There was indeed no food in the kitchen, so we ended up ordering pizza for everyone in the house. Luke had gotten back from the gym and was starving, so we ended up getting a ton, but I didn’t mind. They ordered from some local place, and it was better than any pizza I had ever had back home.
“So,” Luke said through a full mouth of cheese, “did you get a chance to watch the video yet?”
“Which one?” I asked, dunking the crust of my bread into the remains of a marinara sauce.
“What do you mean which one? We’ve got two videos that you were even in, and I don’t think we’ve done more than import the footage from the exorcism yet.”
“Oh, is the video from the Peter’s Building completely done, then?” He and Liam both nodded excitedly. “Then no, I haven’t seen it yet. Maybe we should have a movie night for it?”

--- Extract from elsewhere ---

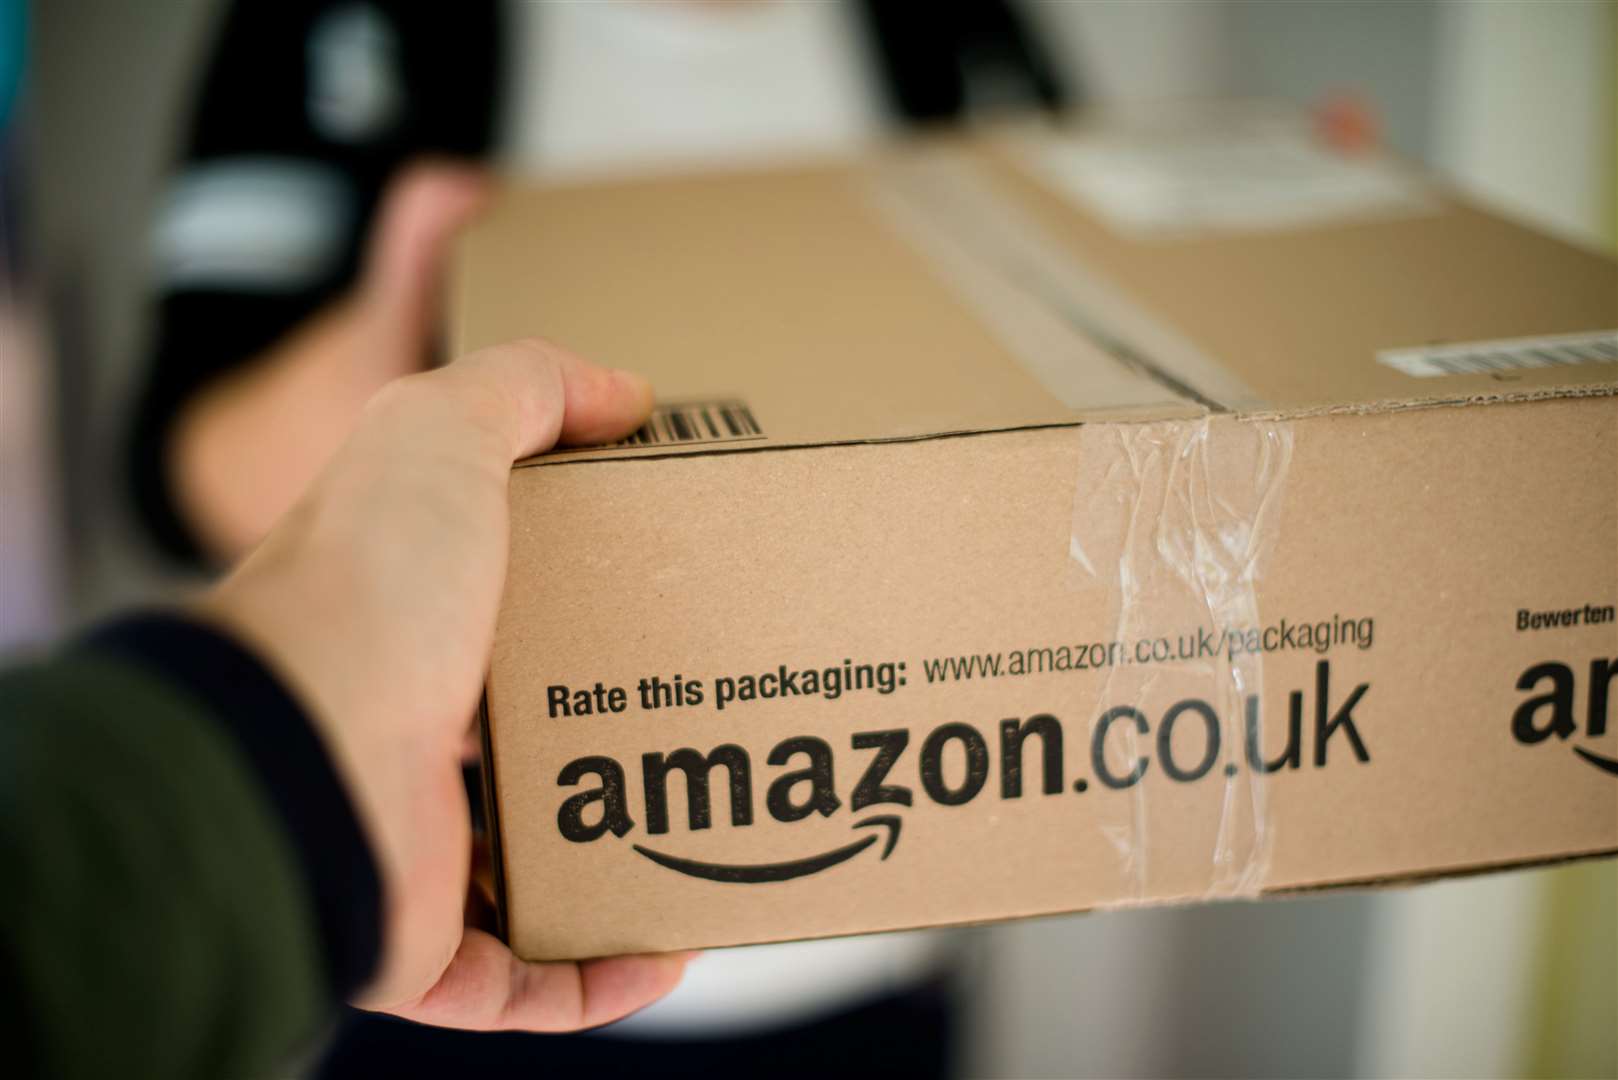 Amazon is alerting customers to the dangers via email. Image: iStock.

“You guys can do whatever you want,” said Caitlin, as she piled up a plate with a few more slices of pizza, “but I, at least, am going back to my room to work on our next project.”
“Is it your room if you don’t even live here?” Liam asked as she walked away. She just flipped him off and kept walking.
“Well,” Liam said, grabbing the leftover pizza boxes, “I would be up for a movie night.” Luke nodded. “Shall we all head to the living room?”
We sat down on the pristine couches, plates full of pizza that I was worried about dropping, and Liam cast the video from his phone.
“What’s up, everybody! We’re Luke and Liam, and we’re here today visiting the Peter’s Building! This one might be familiar to you guys - we just visited this building not too long ago, but we’re here under different circumstances. This time, we brought someone who can see ghosts with us! Let’s back up and Introduce you to Andi!”
The scene cut to us in the car - the section they’d filmed when we were driving to the Peter’s Building. You could barely see anything because of the dark, but then Luke had turned on a small light to get a better shot.
“Stop!” I said, and Liam immediately reached out to pause the video.
There, in the corner of the screen, sitting right next to me in the car, was the little girl I’d seen in the original video.